DATA BELOW:
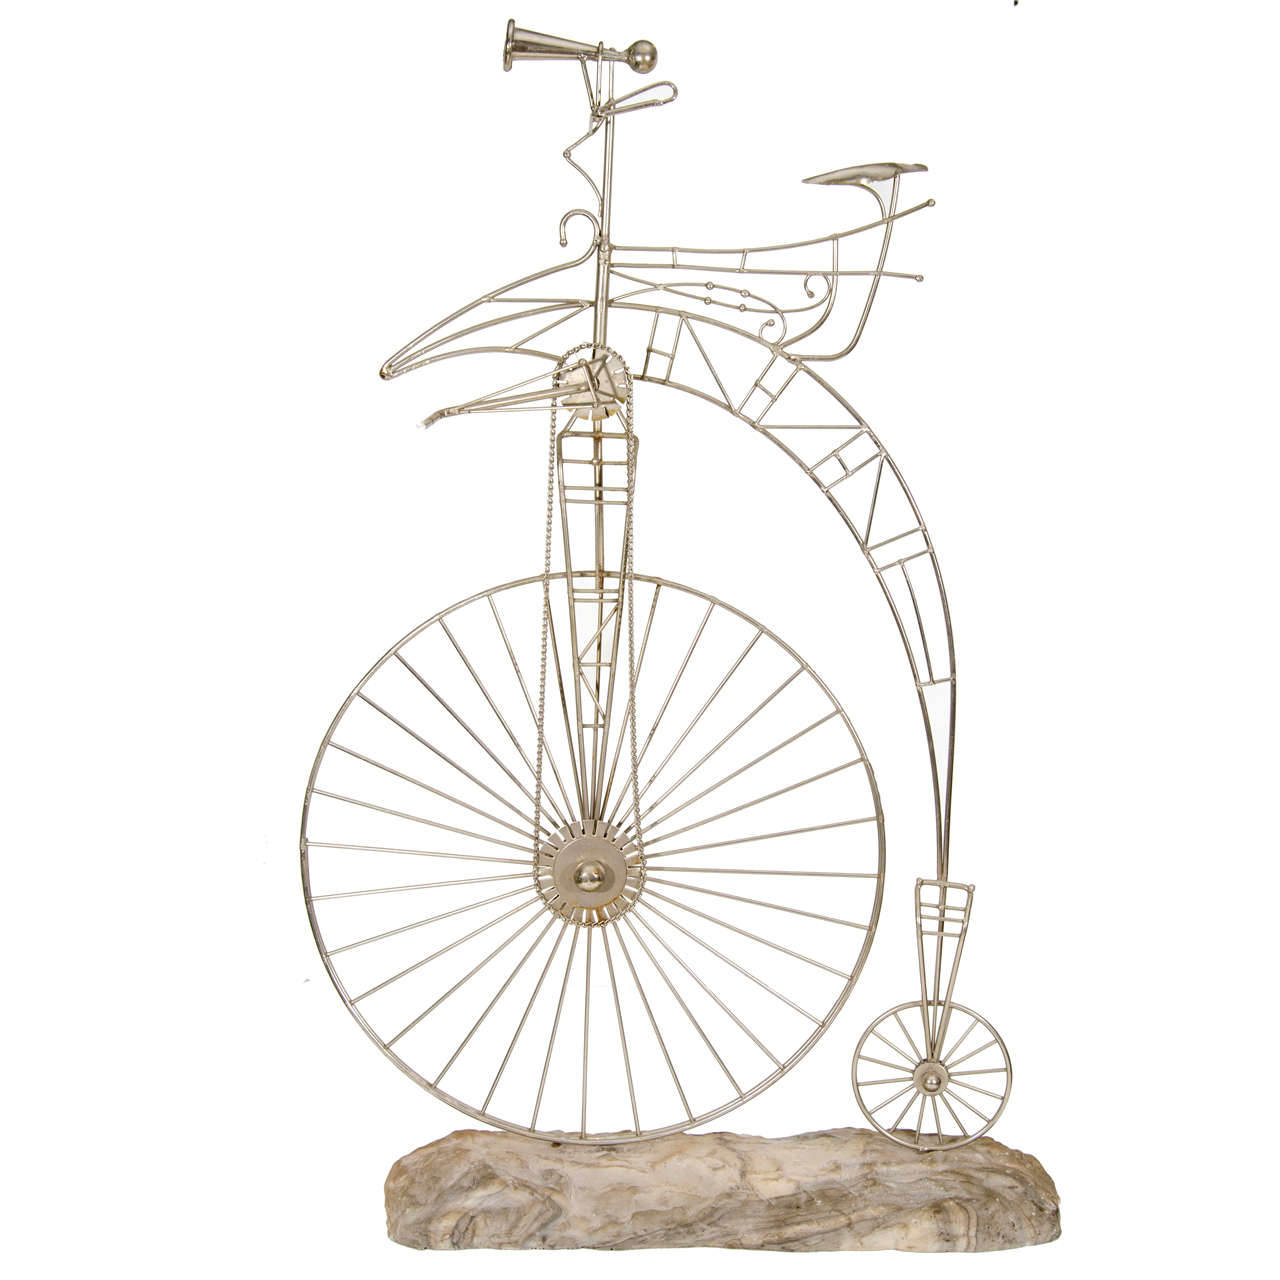 Penny Farthing Bicycle Sculpture
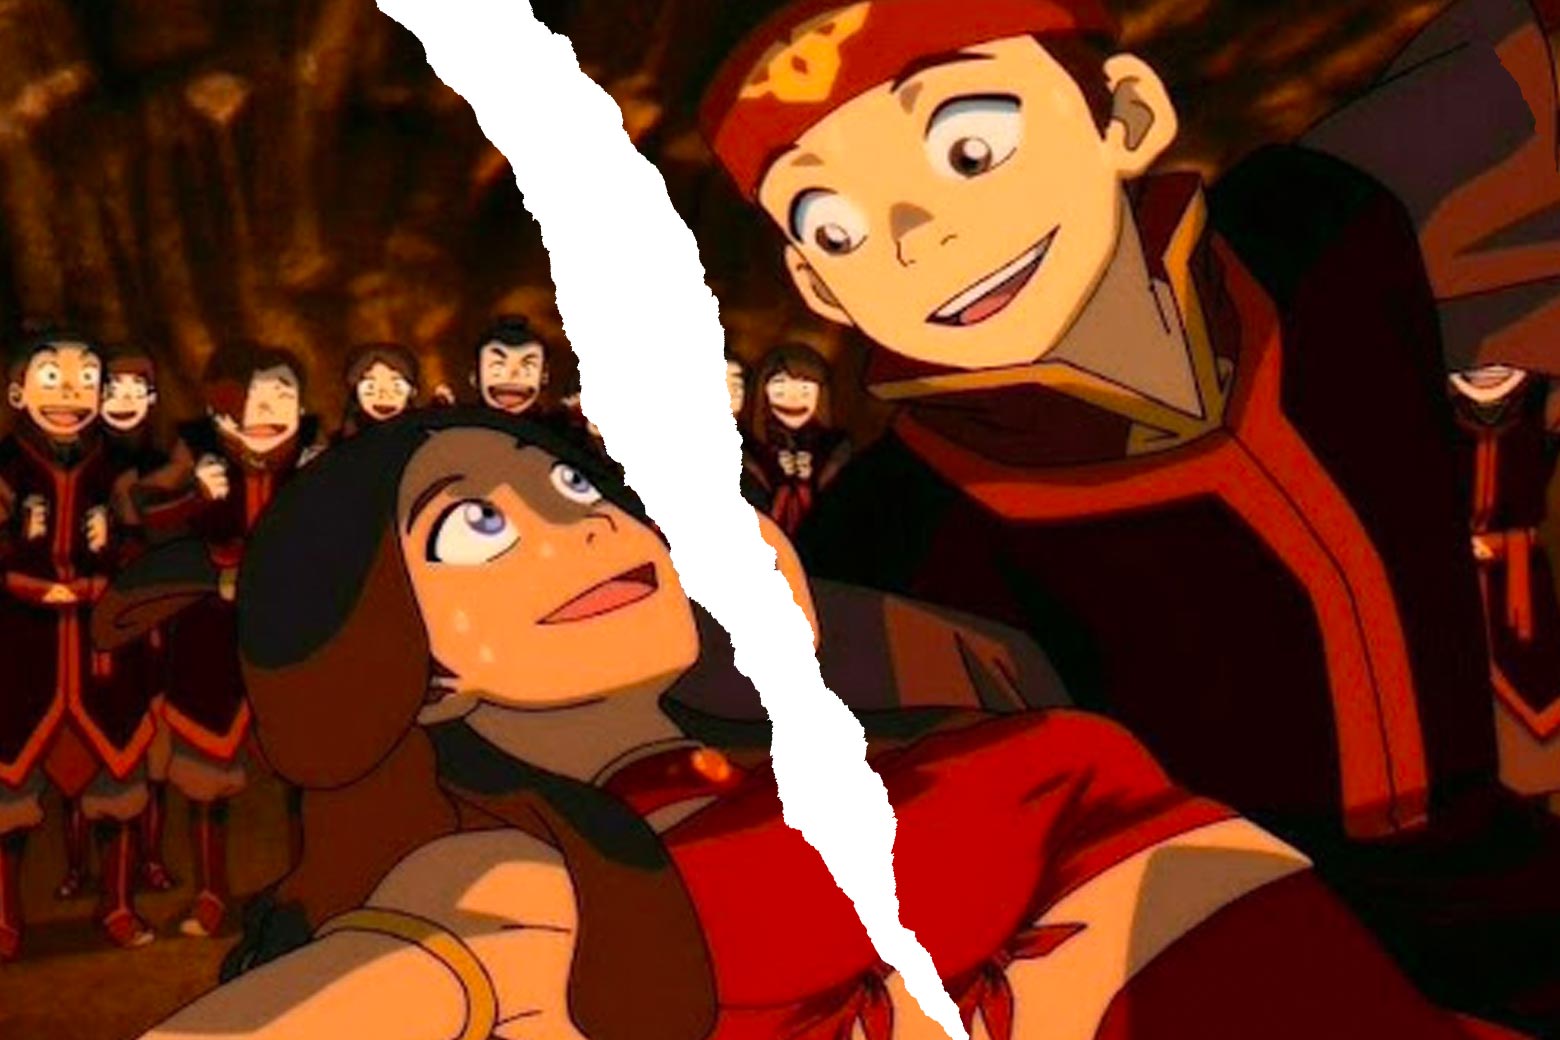 Avatar: The Last Airbender's Katara should've ended up with Zuko, not Aang.
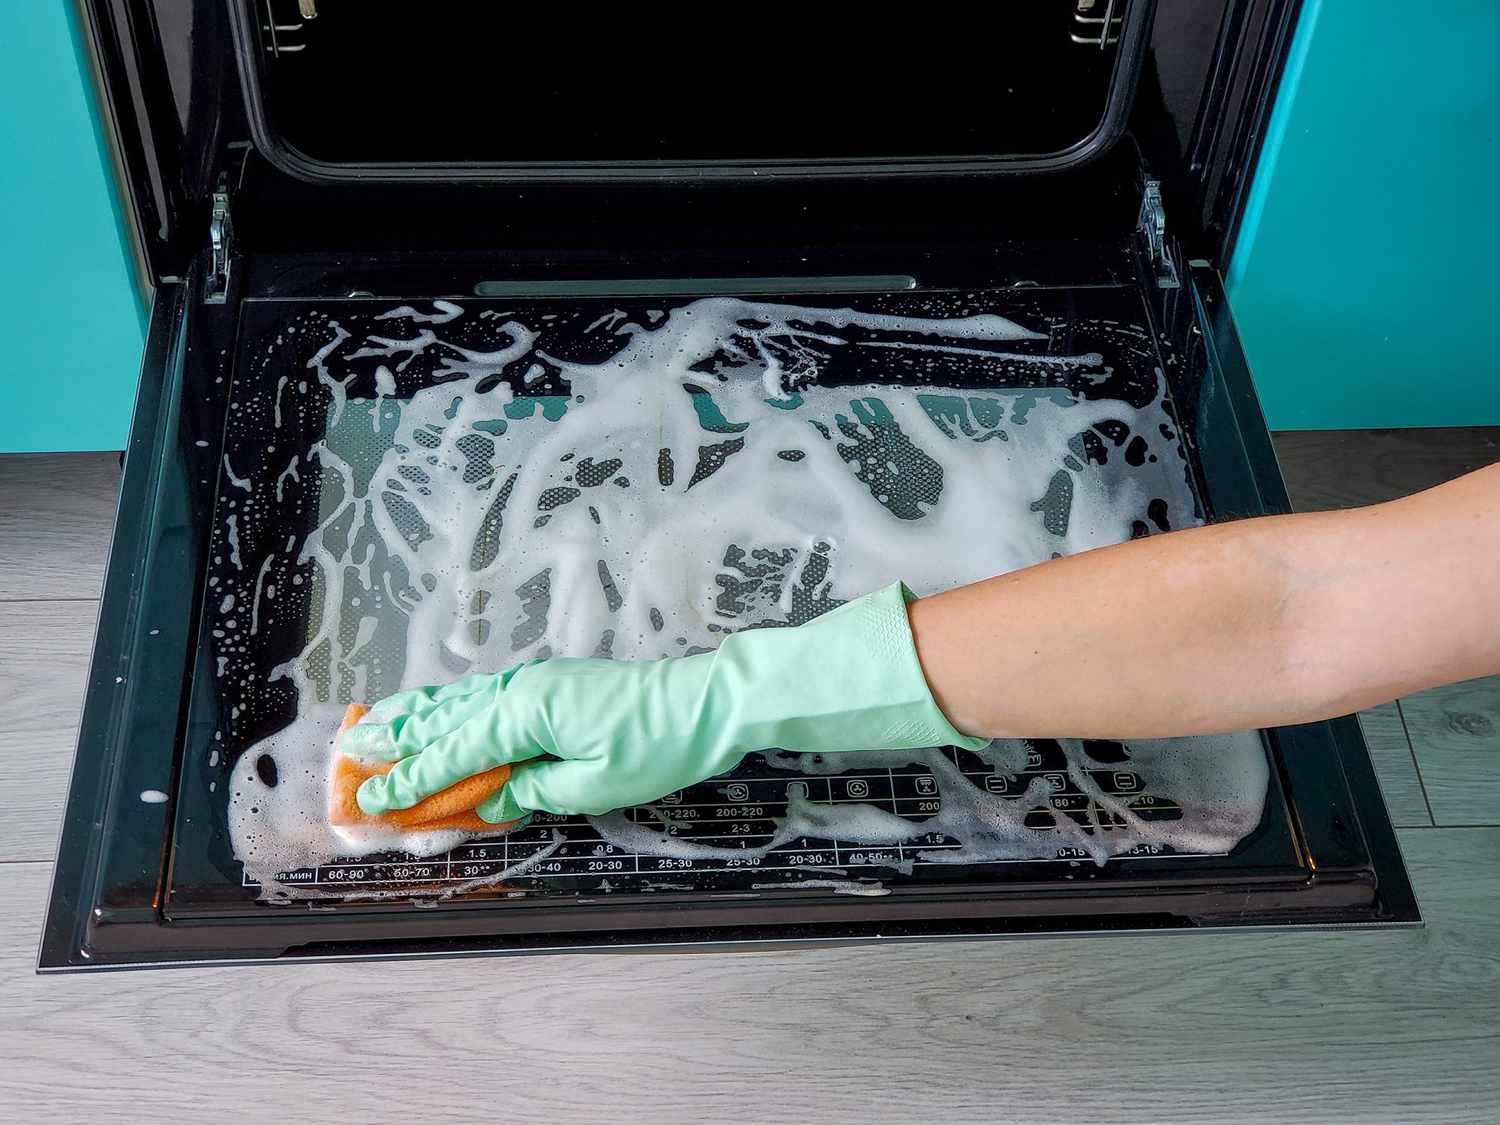 How to Clean a Glass Oven Door When It Gets Really Gross

EXERCISE DESCRIPTION:
Copy out all the data exactly, skipping the pictures.

RESULT OF THIS EXERCISE:
 Penny Farthing Bicycle Sculpture
 Avatar: The Last Airbender's Katara should've ended up with Zuko, not Aang.
 How to Clean a Glass Oven Door When It Gets Really Gross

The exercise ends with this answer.